**Data extracts**
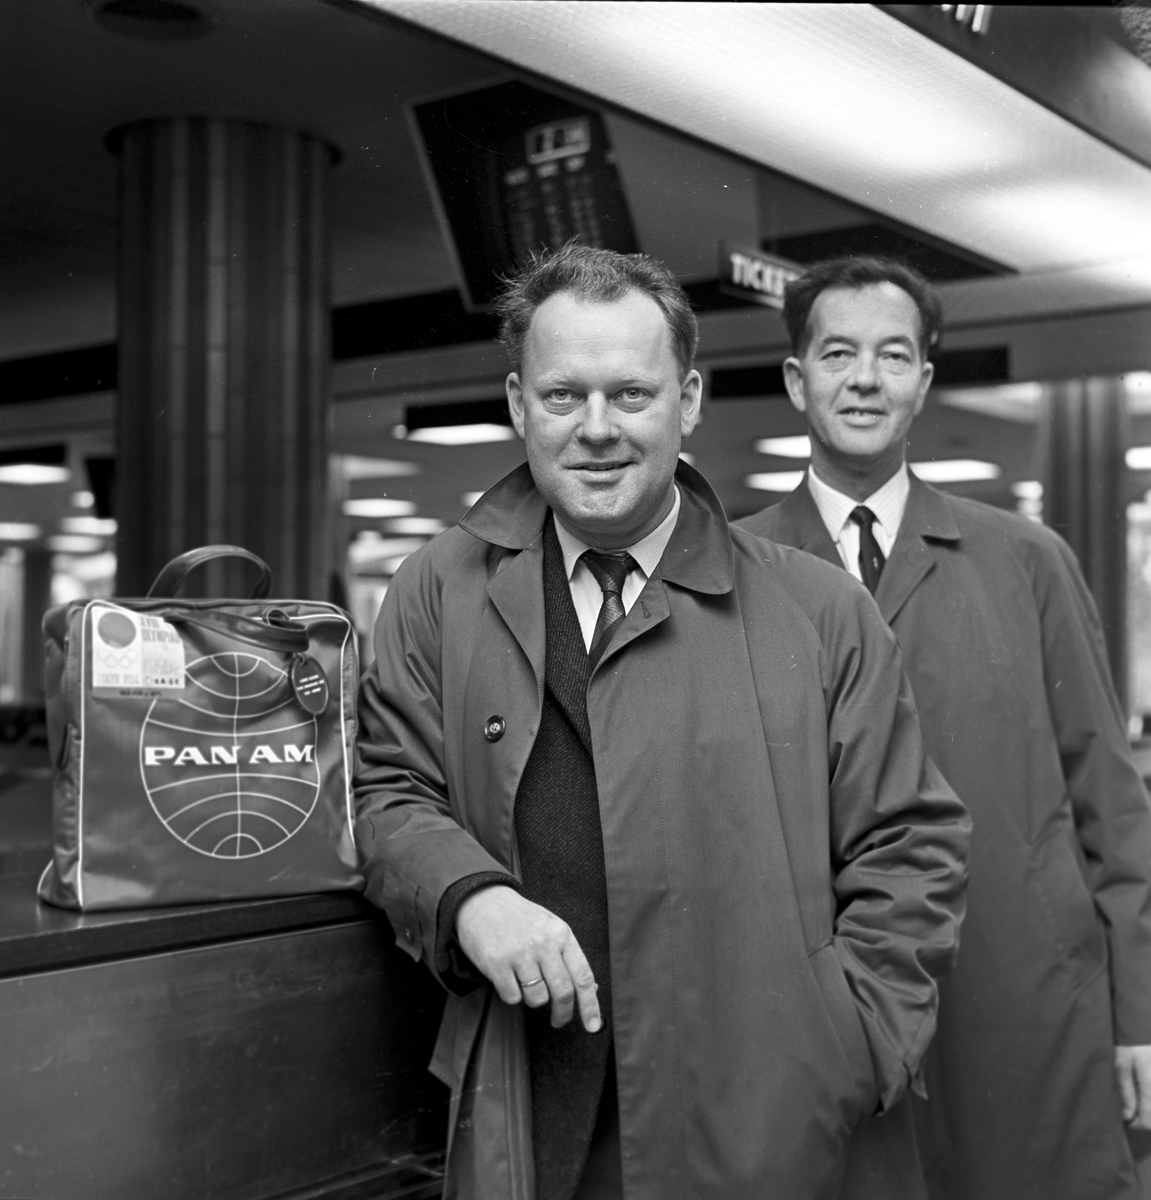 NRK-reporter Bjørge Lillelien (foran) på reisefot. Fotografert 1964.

==

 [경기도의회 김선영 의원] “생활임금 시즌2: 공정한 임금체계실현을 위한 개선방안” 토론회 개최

==

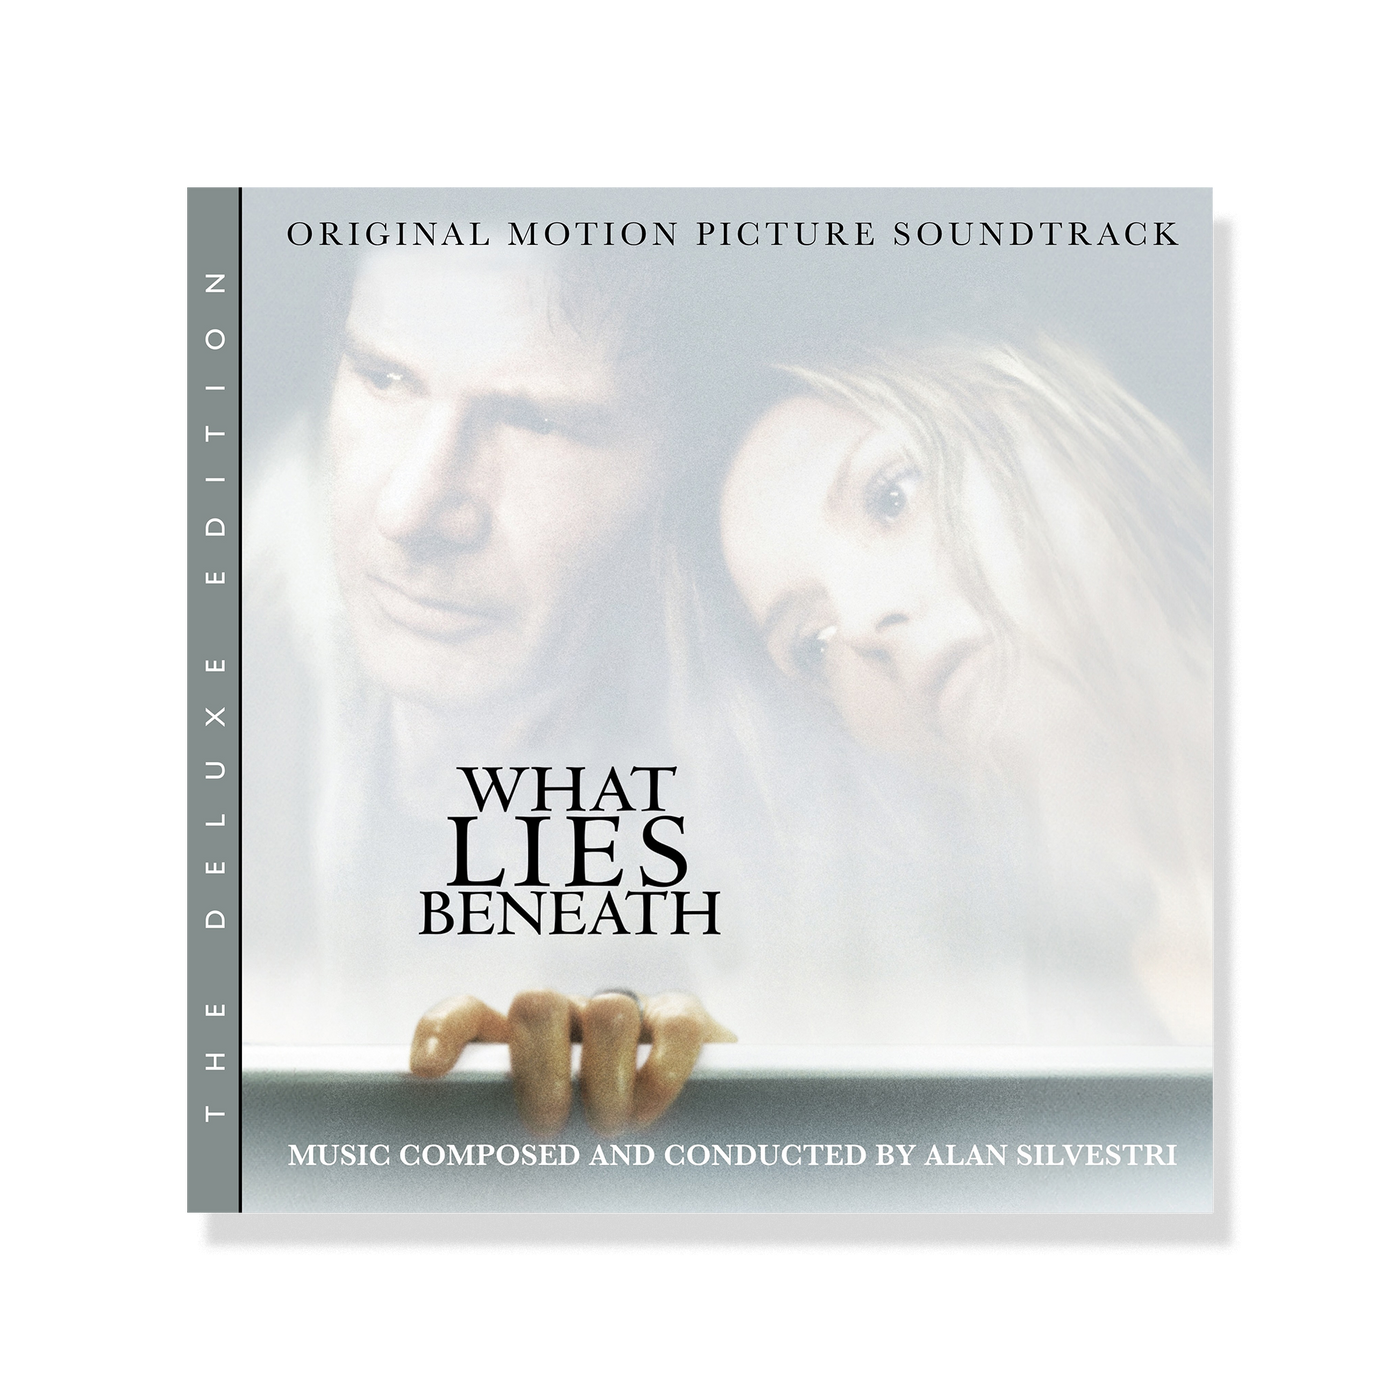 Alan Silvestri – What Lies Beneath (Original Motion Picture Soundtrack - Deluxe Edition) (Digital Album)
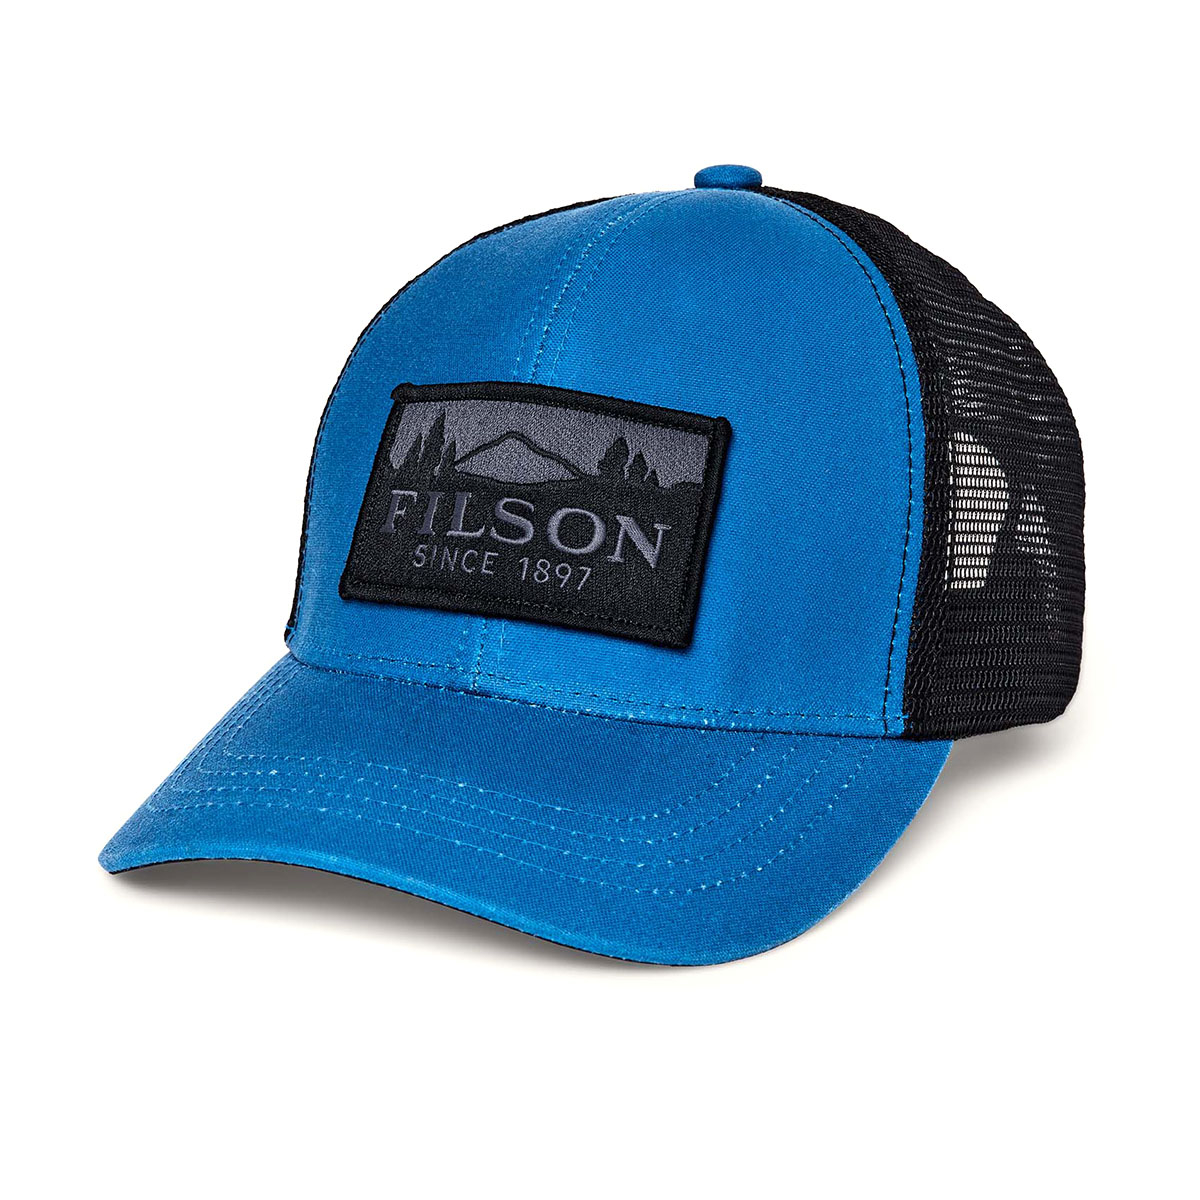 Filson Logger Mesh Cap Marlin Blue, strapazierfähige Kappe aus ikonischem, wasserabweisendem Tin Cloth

**What is expected**
Reproduce exactly, with no pictures, the lines above from the one holding "Alan Silvestri –" to the one holding "Filson Logger Mesh", inclusive.

**Your solution**
 Alan Silvestri – What Lies Beneath (Original Motion Picture Soundtrack - Deluxe Edition) (Digital Album)
 Filson Logger Mesh Cap Marlin Blue, strapazierfähige Kappe aus ikonischem, wasserabweisendem Tin Cloth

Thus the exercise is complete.